An exact copy of the data is required, with no pictures in it.

**SOURCE MATERIAL:**
::::::::

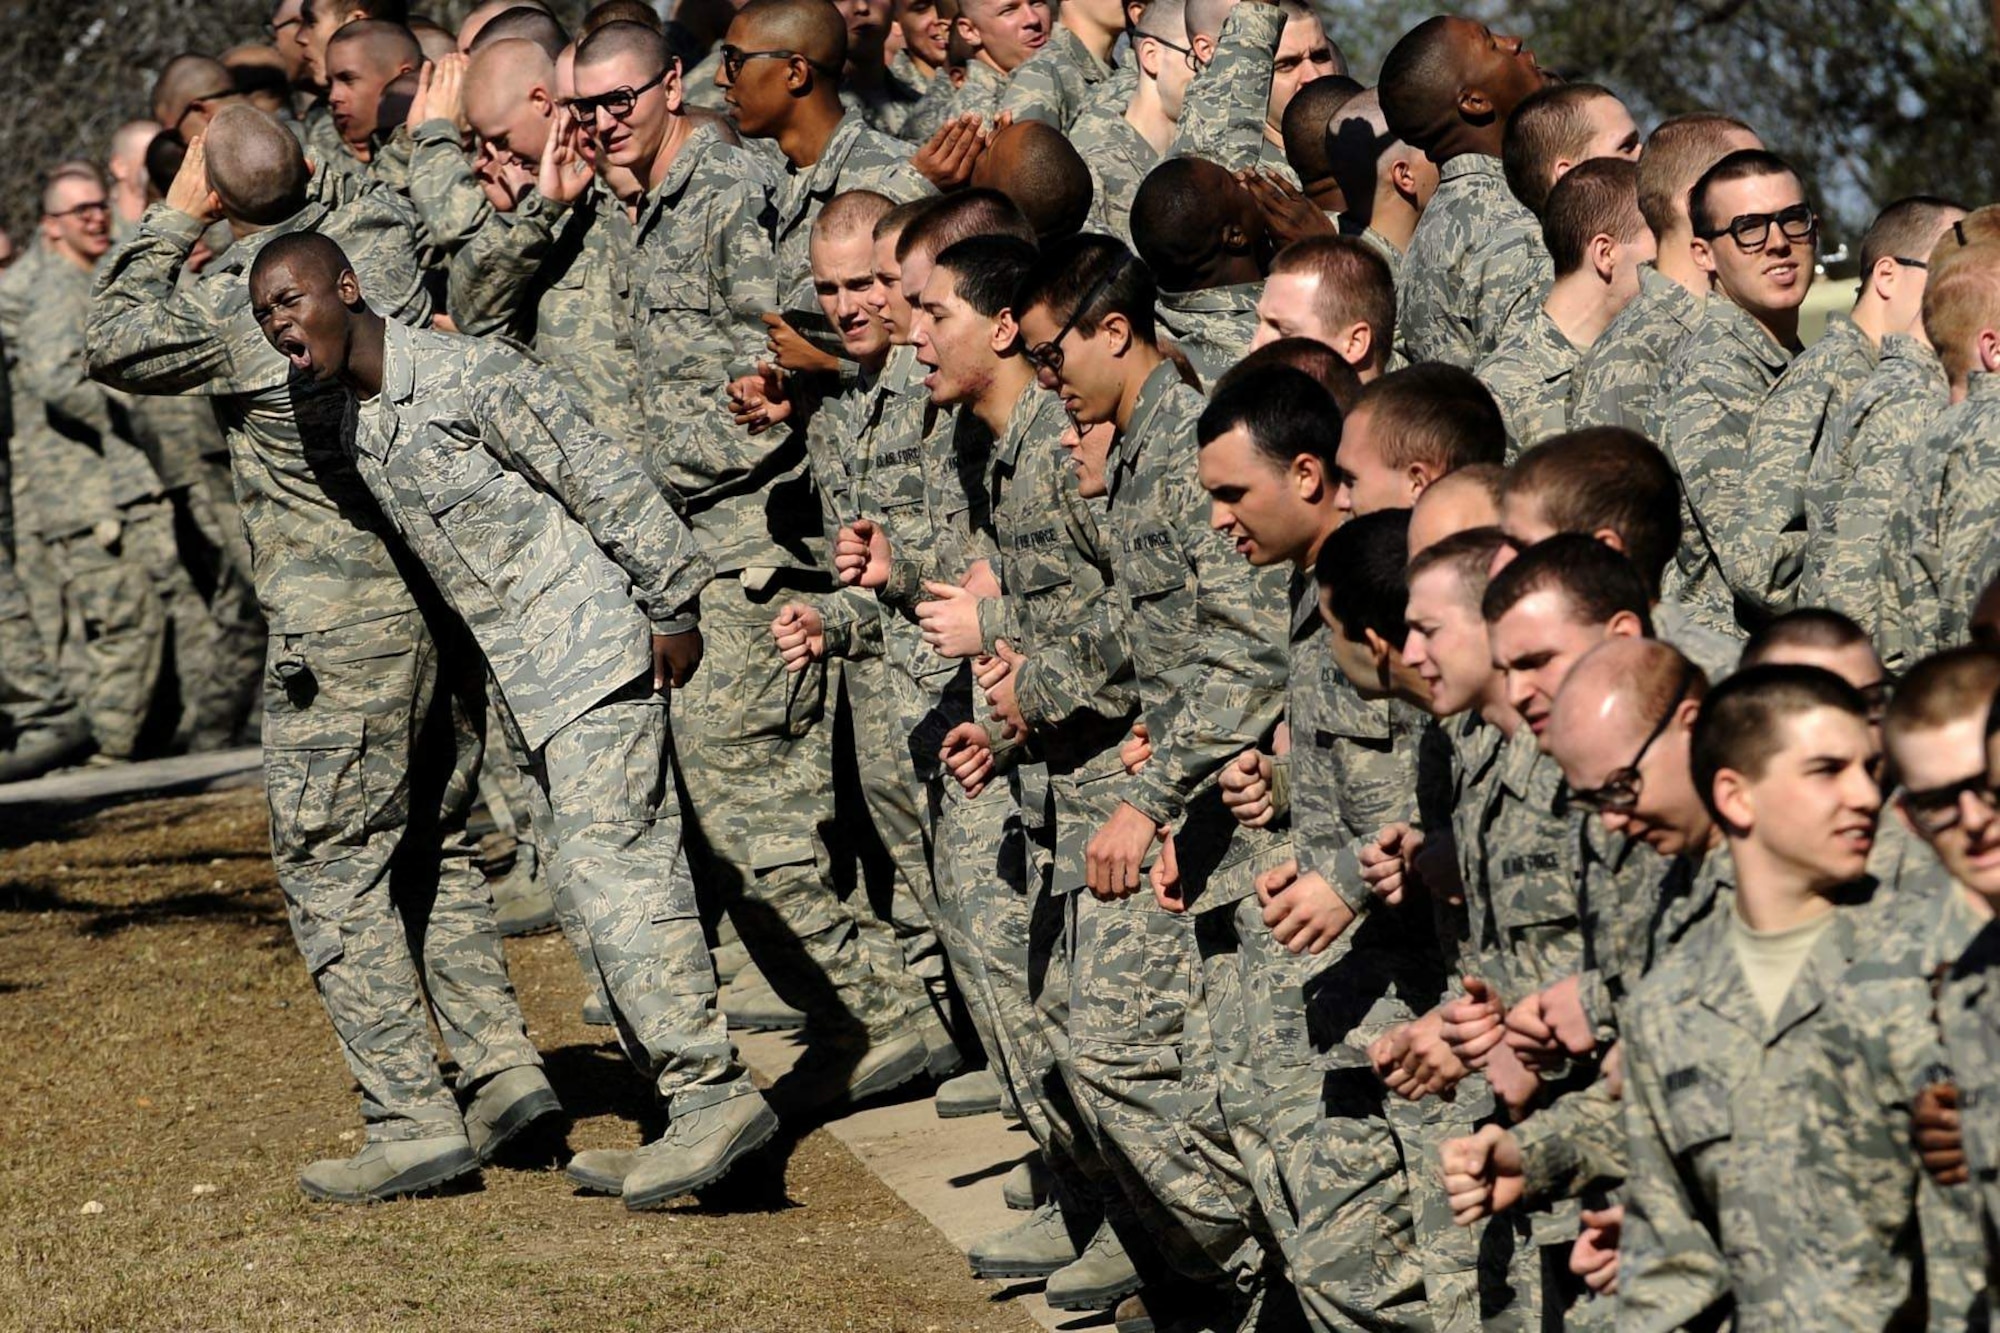 Basic trainees rally themselves with motivational chants while waiting to navigate the obstacle course at Lackland Air Force Base, Texas.  (U.S. Air Force photo/Master Sgt. Cecilio Ricardo)
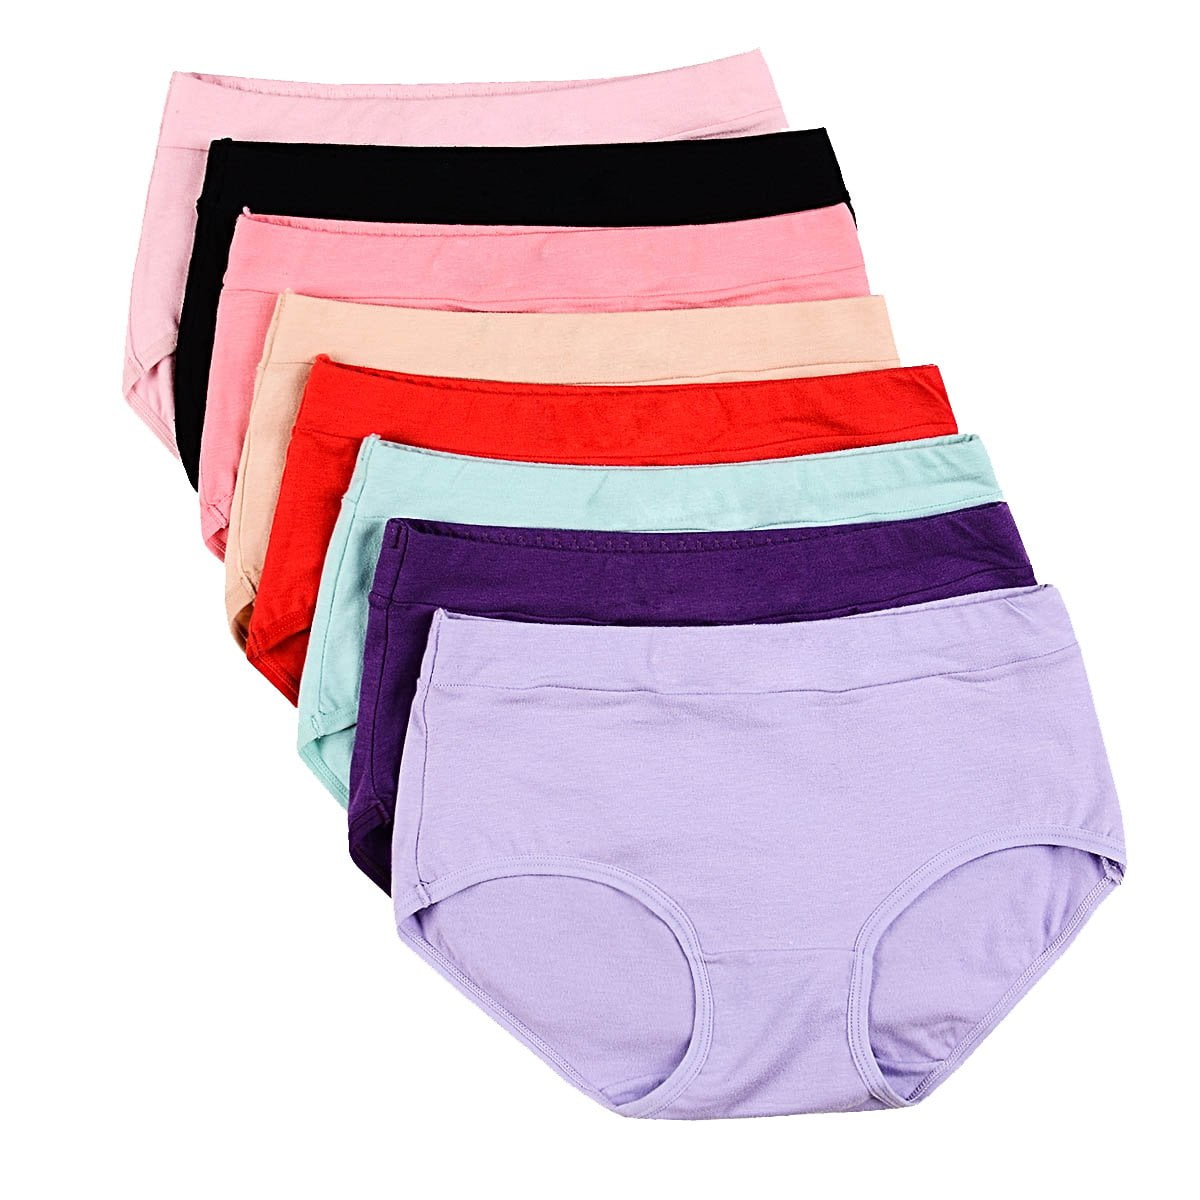 Buankoxy 5 Pack High Waisted Underwear for Women Seamless Panties Ladies  Invisible Briefs(Size 8)
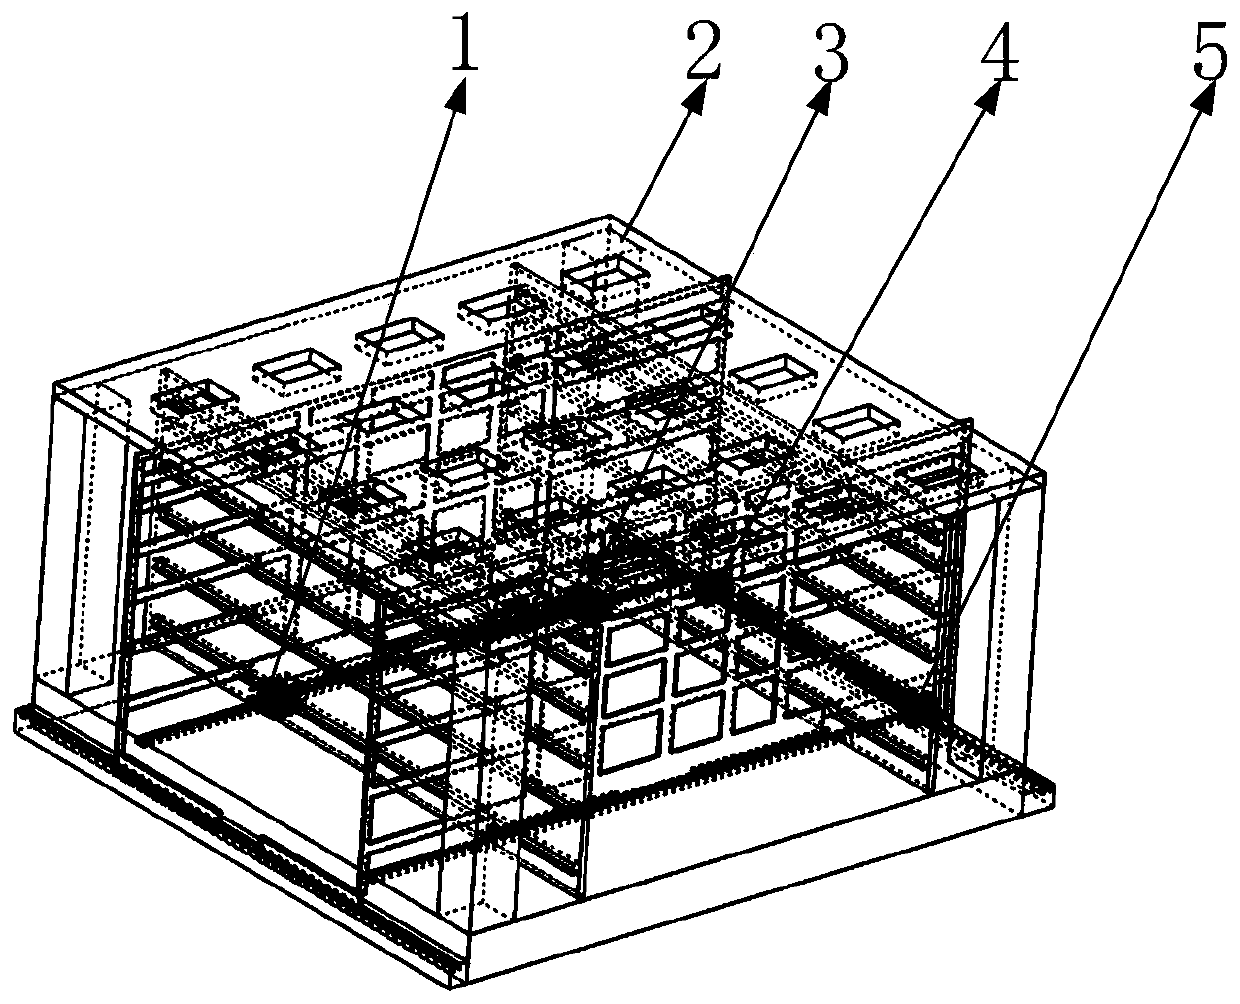 A humanized pet cage that automatically adjusts the size according to the animal's activity

::::::::

**ANSWER TO THE EXERCISE:**
 Basic trainees rally themselves with motivational chants while waiting to navigate the obstacle course at Lackland Air Force Base, Texas.  (U.S. Air Force photo/Master Sgt. Cecilio Ricardo)
 Buankoxy 5 Pack High Waisted Underwear for Women Seamless Panties Ladies  Invisible Briefs(Size 8)
 A humanized pet cage that automatically adjusts the size according to the animal's activity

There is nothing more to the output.